Exercise:
Print the lines below from the line with "Supporto adesivo per" to the line with "Официальная вязаная шапка" exactly, keeping both ends, and print no pictures.

Data for analysis:
---
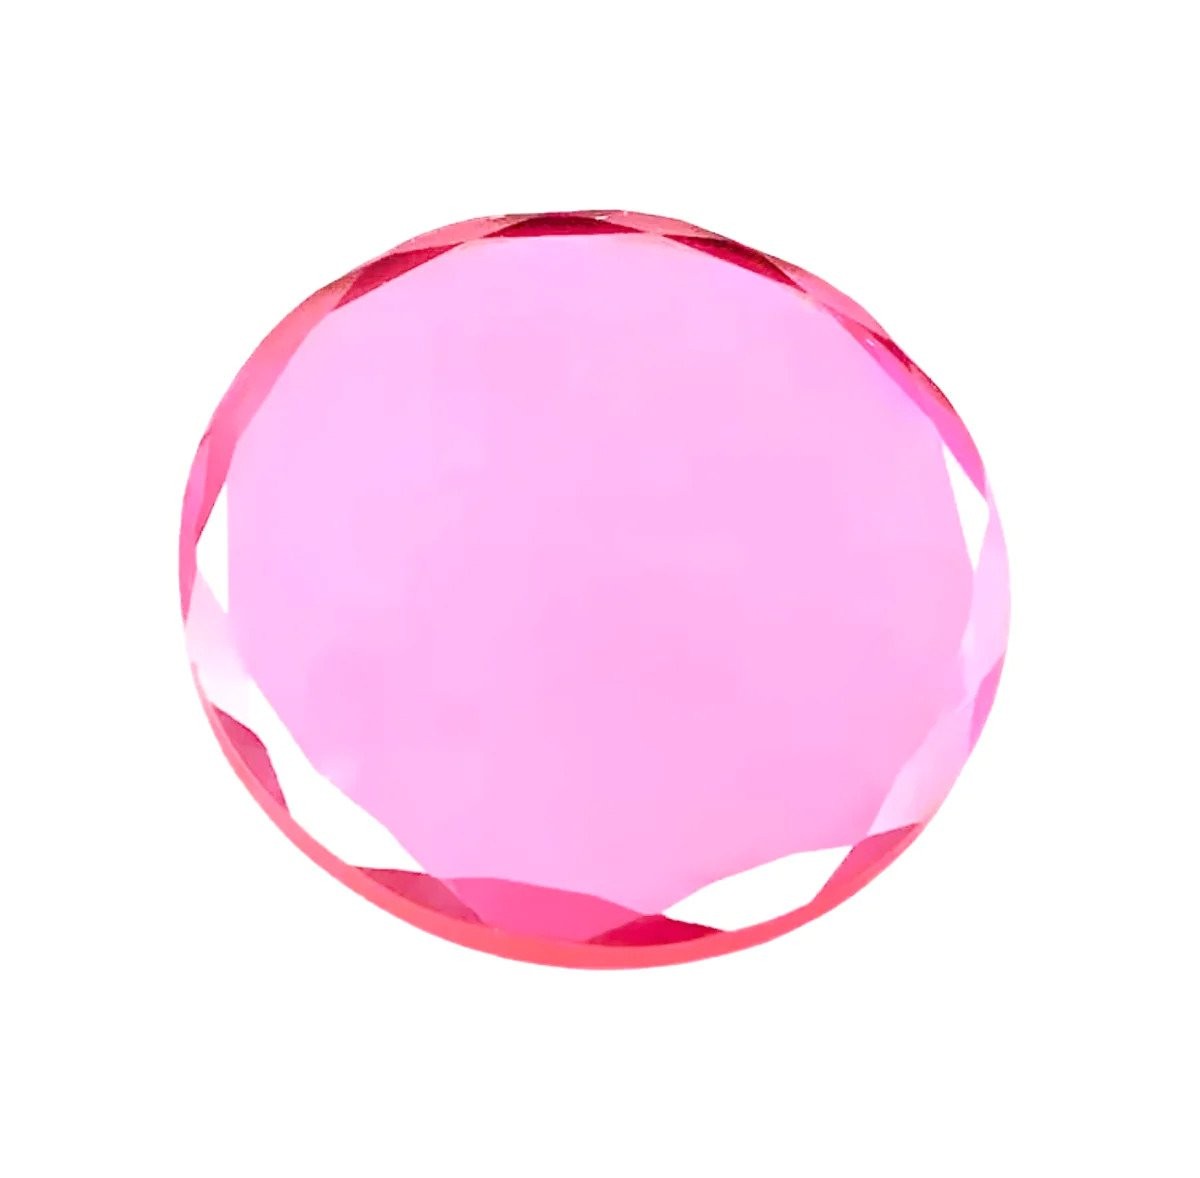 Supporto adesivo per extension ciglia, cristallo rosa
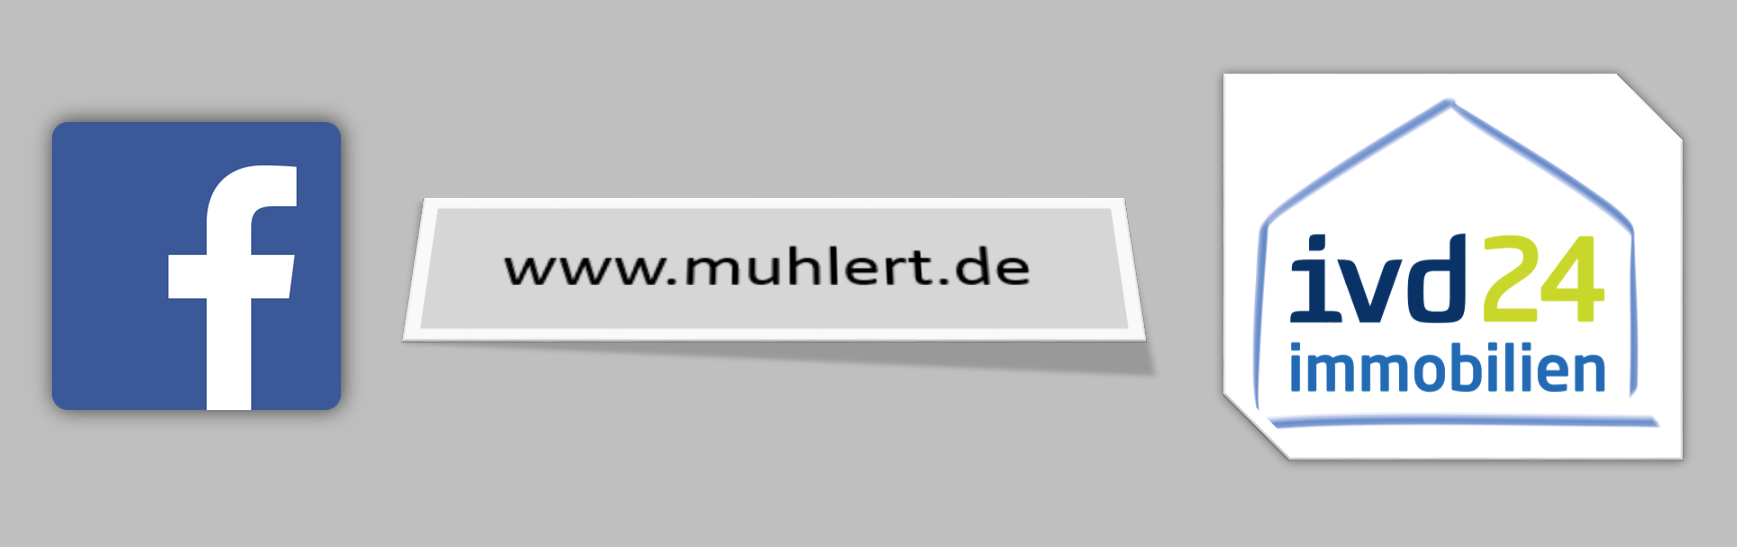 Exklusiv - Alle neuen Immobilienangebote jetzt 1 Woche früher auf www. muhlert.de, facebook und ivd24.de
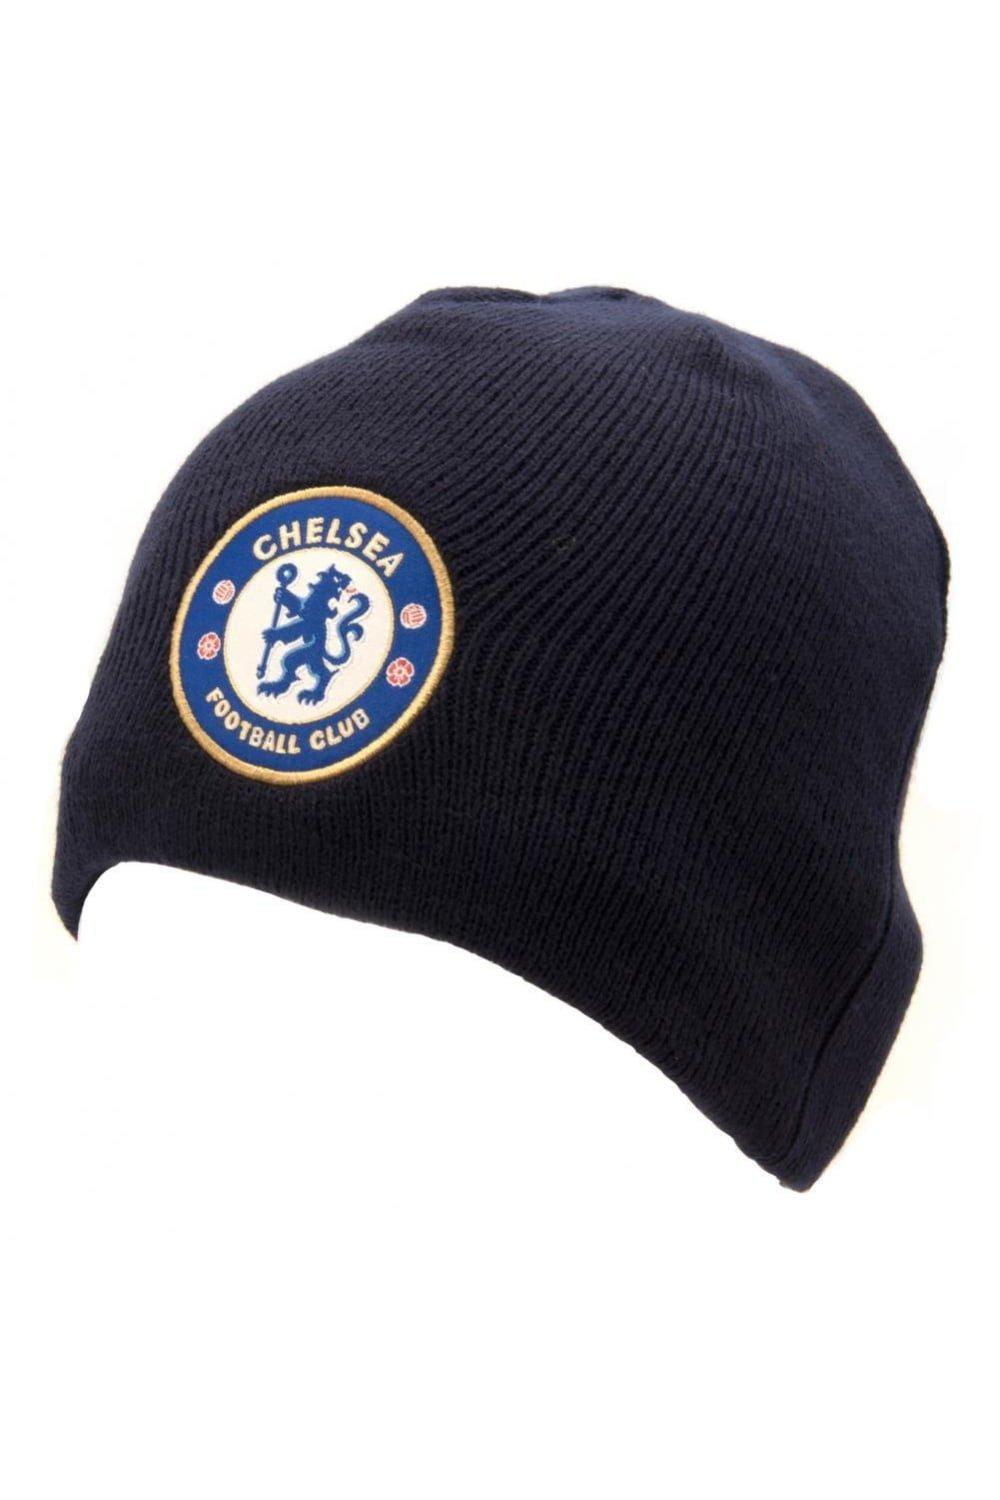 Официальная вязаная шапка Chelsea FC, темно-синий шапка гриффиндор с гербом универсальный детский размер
---
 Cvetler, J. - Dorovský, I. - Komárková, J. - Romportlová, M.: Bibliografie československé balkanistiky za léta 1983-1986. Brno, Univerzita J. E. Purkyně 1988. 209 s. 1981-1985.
---
Task solution:
 Supporto adesivo per extension ciglia, cristallo rosa
 Exklusiv - Alle neuen Immobilienangebote jetzt 1 Woche früher auf www. muhlert.de, facebook und ivd24.de
 Официальная вязаная шапка Chelsea FC, темно-синий шапка гриффиндор с гербом универсальный детский размер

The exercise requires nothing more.